-------- Exercise input
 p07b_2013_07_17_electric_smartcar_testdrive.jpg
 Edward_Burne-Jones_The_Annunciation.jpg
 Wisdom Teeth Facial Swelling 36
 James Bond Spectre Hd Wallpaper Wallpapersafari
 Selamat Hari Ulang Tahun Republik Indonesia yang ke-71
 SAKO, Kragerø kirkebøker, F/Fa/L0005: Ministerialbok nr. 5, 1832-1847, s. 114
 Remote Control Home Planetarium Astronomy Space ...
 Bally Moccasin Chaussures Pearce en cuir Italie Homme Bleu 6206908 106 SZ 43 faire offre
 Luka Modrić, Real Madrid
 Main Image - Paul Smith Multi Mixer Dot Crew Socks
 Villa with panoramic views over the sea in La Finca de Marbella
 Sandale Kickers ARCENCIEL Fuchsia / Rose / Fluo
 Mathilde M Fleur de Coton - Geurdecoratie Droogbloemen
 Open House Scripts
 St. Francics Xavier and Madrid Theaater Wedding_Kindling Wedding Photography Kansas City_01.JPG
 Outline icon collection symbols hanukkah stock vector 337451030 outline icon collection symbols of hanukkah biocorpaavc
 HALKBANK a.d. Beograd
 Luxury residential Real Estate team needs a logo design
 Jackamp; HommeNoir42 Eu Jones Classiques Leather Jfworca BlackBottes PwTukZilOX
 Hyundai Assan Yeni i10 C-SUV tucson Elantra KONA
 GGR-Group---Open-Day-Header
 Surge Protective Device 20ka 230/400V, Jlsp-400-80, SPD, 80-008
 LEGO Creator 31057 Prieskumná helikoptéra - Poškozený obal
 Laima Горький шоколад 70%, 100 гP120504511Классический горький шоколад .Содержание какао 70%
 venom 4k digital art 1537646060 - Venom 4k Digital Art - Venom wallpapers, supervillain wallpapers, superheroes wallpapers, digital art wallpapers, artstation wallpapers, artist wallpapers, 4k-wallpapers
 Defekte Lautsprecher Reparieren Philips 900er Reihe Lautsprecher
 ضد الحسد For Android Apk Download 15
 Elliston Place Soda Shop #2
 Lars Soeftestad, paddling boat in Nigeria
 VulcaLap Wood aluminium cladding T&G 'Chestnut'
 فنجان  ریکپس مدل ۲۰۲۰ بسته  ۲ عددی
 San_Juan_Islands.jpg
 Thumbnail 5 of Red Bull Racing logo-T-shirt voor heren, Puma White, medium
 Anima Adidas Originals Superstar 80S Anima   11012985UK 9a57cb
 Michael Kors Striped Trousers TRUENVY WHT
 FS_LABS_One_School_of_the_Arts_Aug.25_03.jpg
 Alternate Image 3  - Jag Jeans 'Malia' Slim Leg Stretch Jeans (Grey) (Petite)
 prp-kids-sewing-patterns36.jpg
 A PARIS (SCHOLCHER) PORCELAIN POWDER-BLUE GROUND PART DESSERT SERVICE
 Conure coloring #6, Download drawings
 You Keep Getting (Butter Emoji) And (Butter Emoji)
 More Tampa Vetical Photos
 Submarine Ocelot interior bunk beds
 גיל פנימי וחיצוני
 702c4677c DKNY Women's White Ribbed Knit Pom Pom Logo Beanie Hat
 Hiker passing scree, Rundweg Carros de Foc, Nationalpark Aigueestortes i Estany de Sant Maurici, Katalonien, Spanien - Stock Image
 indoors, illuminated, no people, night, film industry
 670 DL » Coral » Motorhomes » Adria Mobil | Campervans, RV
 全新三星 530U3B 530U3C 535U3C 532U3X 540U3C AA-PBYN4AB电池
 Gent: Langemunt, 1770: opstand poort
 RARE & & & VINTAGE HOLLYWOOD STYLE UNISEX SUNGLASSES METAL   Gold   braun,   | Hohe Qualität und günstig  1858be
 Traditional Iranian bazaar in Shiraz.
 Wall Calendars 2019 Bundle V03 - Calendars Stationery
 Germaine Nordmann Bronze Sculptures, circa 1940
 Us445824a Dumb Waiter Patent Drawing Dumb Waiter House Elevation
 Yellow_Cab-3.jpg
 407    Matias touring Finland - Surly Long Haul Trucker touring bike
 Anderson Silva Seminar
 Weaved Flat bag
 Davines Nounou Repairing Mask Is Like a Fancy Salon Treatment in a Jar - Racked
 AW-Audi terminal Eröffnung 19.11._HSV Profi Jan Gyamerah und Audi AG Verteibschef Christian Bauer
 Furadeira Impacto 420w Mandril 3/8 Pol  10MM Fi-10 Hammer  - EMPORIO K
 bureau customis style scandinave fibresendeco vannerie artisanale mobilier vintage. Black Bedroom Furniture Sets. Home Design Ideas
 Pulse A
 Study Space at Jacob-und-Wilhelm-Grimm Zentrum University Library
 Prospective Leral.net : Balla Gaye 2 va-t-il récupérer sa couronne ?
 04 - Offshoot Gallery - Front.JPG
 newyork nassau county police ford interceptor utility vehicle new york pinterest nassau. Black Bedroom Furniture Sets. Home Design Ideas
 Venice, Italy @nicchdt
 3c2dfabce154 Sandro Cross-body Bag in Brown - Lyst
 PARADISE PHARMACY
----------------
Problem description: Looking at the records above, please output exactly the lines that run from the one holding "Davines Nounou Repairing" to the final line, and only those.

Written response:
 Davines Nounou Repairing Mask Is Like a Fancy Salon Treatment in a Jar - Racked
 AW-Audi terminal Eröffnung 19.11._HSV Profi Jan Gyamerah und Audi AG Verteibschef Christian Bauer
 Furadeira Impacto 420w Mandril 3/8 Pol  10MM Fi-10 Hammer  - EMPORIO K
 bureau customis style scandinave fibresendeco vannerie artisanale mobilier vintage. Black Bedroom Furniture Sets. Home Design Ideas
 Pulse A
 Study Space at Jacob-und-Wilhelm-Grimm Zentrum University Library
 Prospective Leral.net : Balla Gaye 2 va-t-il récupérer sa couronne ?
 04 - Offshoot Gallery - Front.JPG
 newyork nassau county police ford interceptor utility vehicle new york pinterest nassau. Black Bedroom Furniture Sets. Home Design Ideas
 Venice, Italy @nicchdt
 3c2dfabce154 Sandro Cross-body Bag in Brown - Lyst
 PARADISE PHARMACY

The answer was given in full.